Understanding “family doctor knowledge of home care services”
In a survey conducted from October 2018 to March 2019, the HQCA asked clients receiving home care:
In the last year, my family doctor seemed to know about important details of my home care services….
Clients could choose “Yes, most of the time / Yes, some of the time / No / I don’t have a family doctor”
Clients can experience many benefits when home care and primary care are effectively co-ordinated, including more effective chronic disease management, reduced emergency department visits, and reduced hospital admissions. This can enable seniors to live well in the community as long as possible.
Considerations when viewing the results:
This data reflects the experiences of seniors aged 65+ receiving long term supportive and maintenance care and are among the largest groups of home care clients.
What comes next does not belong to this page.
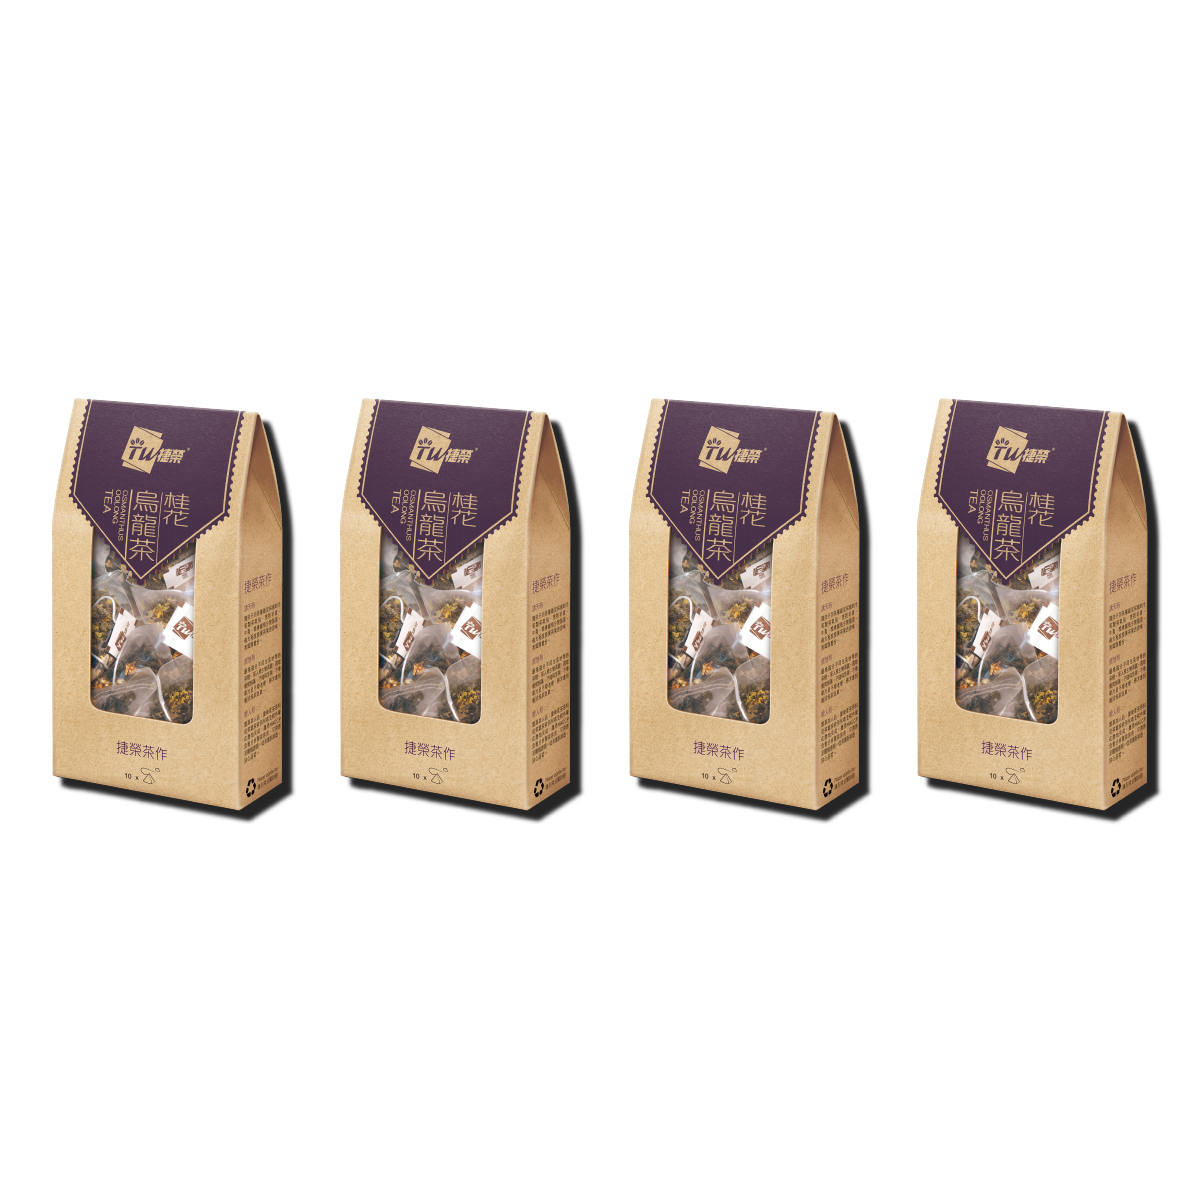 TW Osmanthus Oolong Tea Bag 2.5g x 10 sachets x (4 boxes)

There are a number of factors providers and leaders can consider to better understand and improve client experiences with their family doctor being informed about their home care services. Some questions they could ask before taking action include:
- Why is it important for home care and primary care to work together and share information, improving both management and informational continuity? How does home care currently work and share information with primary care? How might this relationship impact the quality of client/patient care and services?
- How can the roles of home care and primary care be better defined and coordinated to support seamless transition and hand-offs for the client/patient between these two care providers? What is the Primary Health Care Integration Network’s role in supporting transitions of care between these two areas of the healthcare system? What about home care’s role?
- What is the client’s role in talking to their family doctor about their care plan?
- What role does the clients’ family doctor have in contributing to the care planning process as it relates to home care services? What responsibility exists for a family doctor to know what is included in the care plan?
- How might care planning and case management be improved with input from primary care?
- How does important information exchanged between home care and primary care flow back to the client? Whose responsibility is it (home care or primary care) to engage the client in the conversation or close the loop on communication?
For information about the HQCA’s Alberta Seniors Home Care Client Survey, please visit the HQCA website.
Alberta Quality Matrix for Health
The Health Quality Council of Alberta uses the Alberta Quality Matrix for Health as a way of organizing information and thinking around the complexity of the healthcare system. This measure can be used as input to assess home care’s performance in these dimensions of quality: Acceptability, Accessibility, Appropriateness, Efficiency, and Safety.